LE TEMPS ET L’INTEMPOREL DANS LES CHOSES MUETTES DE STEPHANE SPACH
Il y a dans les images de Stéphane Spach un parfait silence par lequel celui qui les approche est d’emblée saisi et tenu en respect.
Ce silence vient d’abord des choses mêmes que l’artiste a élues et disposées devant son regard exact — feuilles qui sèchent, branches immobilisées dans le vide, impénétrables mottes de terre, couteaux brisés ou encriers de jadis, squelettes sous plastique, oiseaux morts… — dont le rendu on ne peut plus net, comme arrêté, exalte la neutralité objective de l’apparence déshabitée.
Aussi ce silence est encore épaissi par le mutisme déclaré de l’image elle-même, dont la composition savante, concertée, exhibe ostensiblement son caractère d’image, son insolite éclat et son écart irréductible d’avec le monde ordinaire.
Un art intransigeant se poursuit là, tout astreint à la loi sévère qu’il s’est reconnue, et qui reconduit celle-ci quels que soient ses motifs représentés.
Le silence de ces photographies, « choses muettes » comme disait Poussin de ses peintures, est une énigme qu’il revient au spectateur d’affronter et de chercher à comprendre, comme il est revenu au photographe d’en faire son objet profond et son destin propre.
Faire silence, faire des images qui soient de part en part assujetties au silence, et faire que ce silence non pas retentisse musicalement dans l’espace déployé, mais stupéfie le regard et sature les objets regardés, au point que ceux-ci semblent se refuser, se retirer dans leur en-soi et se soustraire à la communication, — quel est le sens de cette étrange entreprise, et d’où vient qu’elle soit conduite avec tant de rigueur ?
On peut pour répondre à cette question remarquer d’abord que les motifs auxquels Stéphane Spach consacre son attention sont bien souvent sinon toujours des choses qui ont vieilli, qui sont passées ou déjà mortes.

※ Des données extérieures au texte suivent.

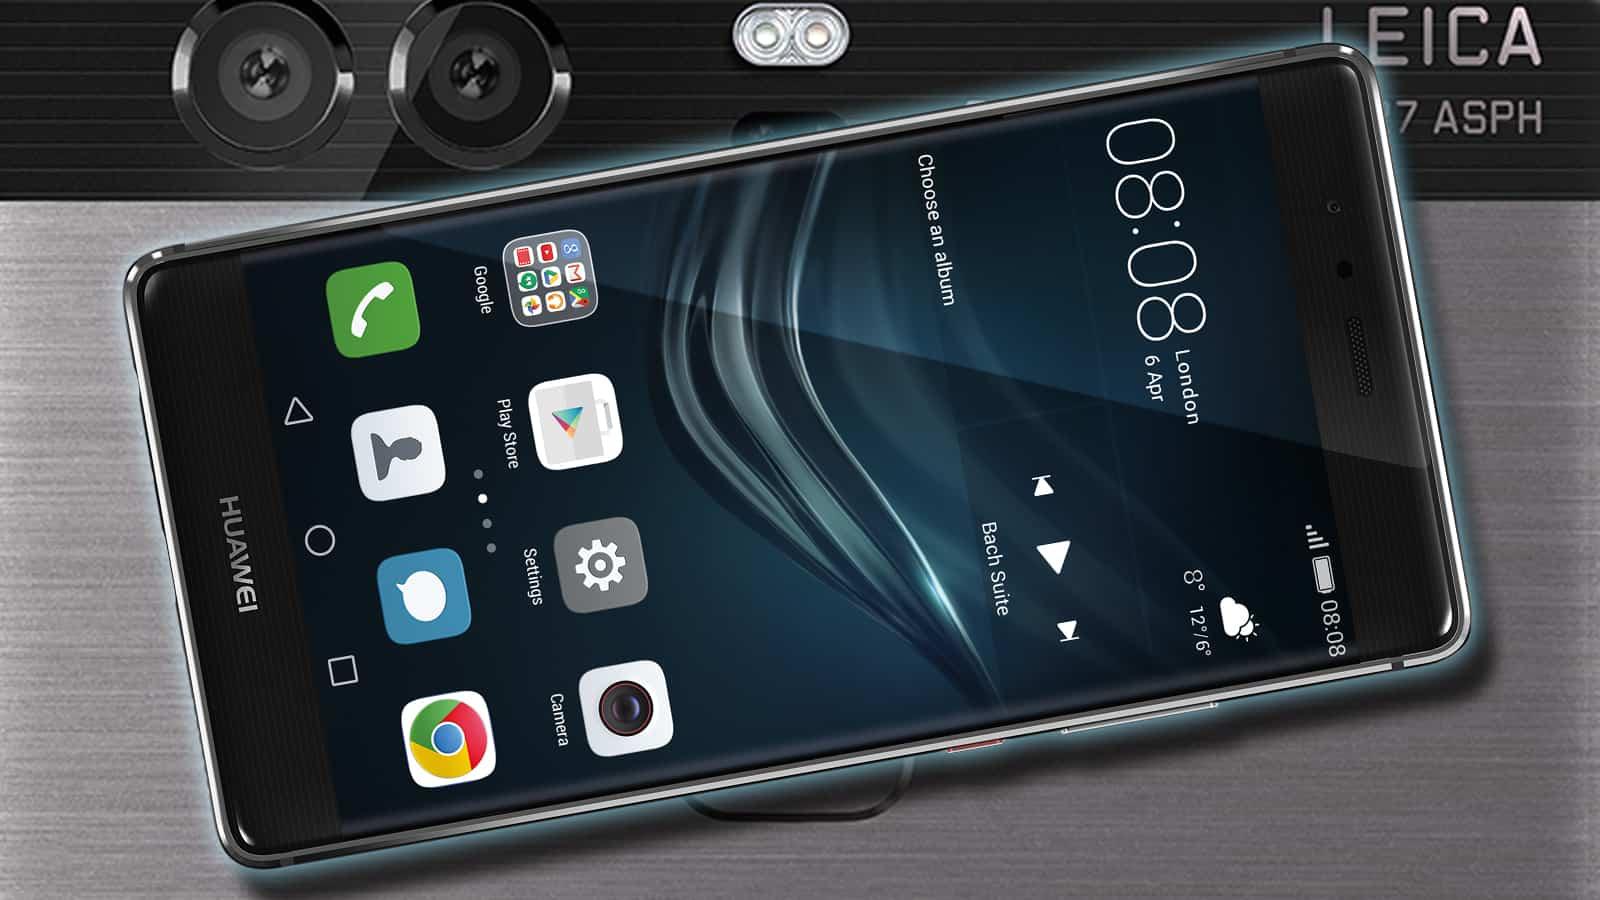 Huawei P9 Plus vs Xiaomi Redmi Pro

Maints tableaux de l’artiste sont des « Vanités », dont plusieurs portent précisément ce titre, et quand ce sont des « paysages » ils font de ceux-ci des natures muettes ou des contrées peu pénétrables.
Qu’on regarde, par exemple, la toute première série ouvrant son grand catalogue personnel, intitulée « À la limite » : voici dans un verre contenant trop peu d’eau une tige au bout de laquelle se froisse une feuille énorme, et cette tige insuffisamment nourrie s’affaisse, se courbe vers sa mort — voici donc un memento mori enregistrant l’asymptote de la finitude, laquelle penche vers sa fin ce fragment esseulé d’un végétal en exil dans un désert uniformément gris.
De même, qu’on regarde la deuxième série de ce même livre, « Les plateaux ».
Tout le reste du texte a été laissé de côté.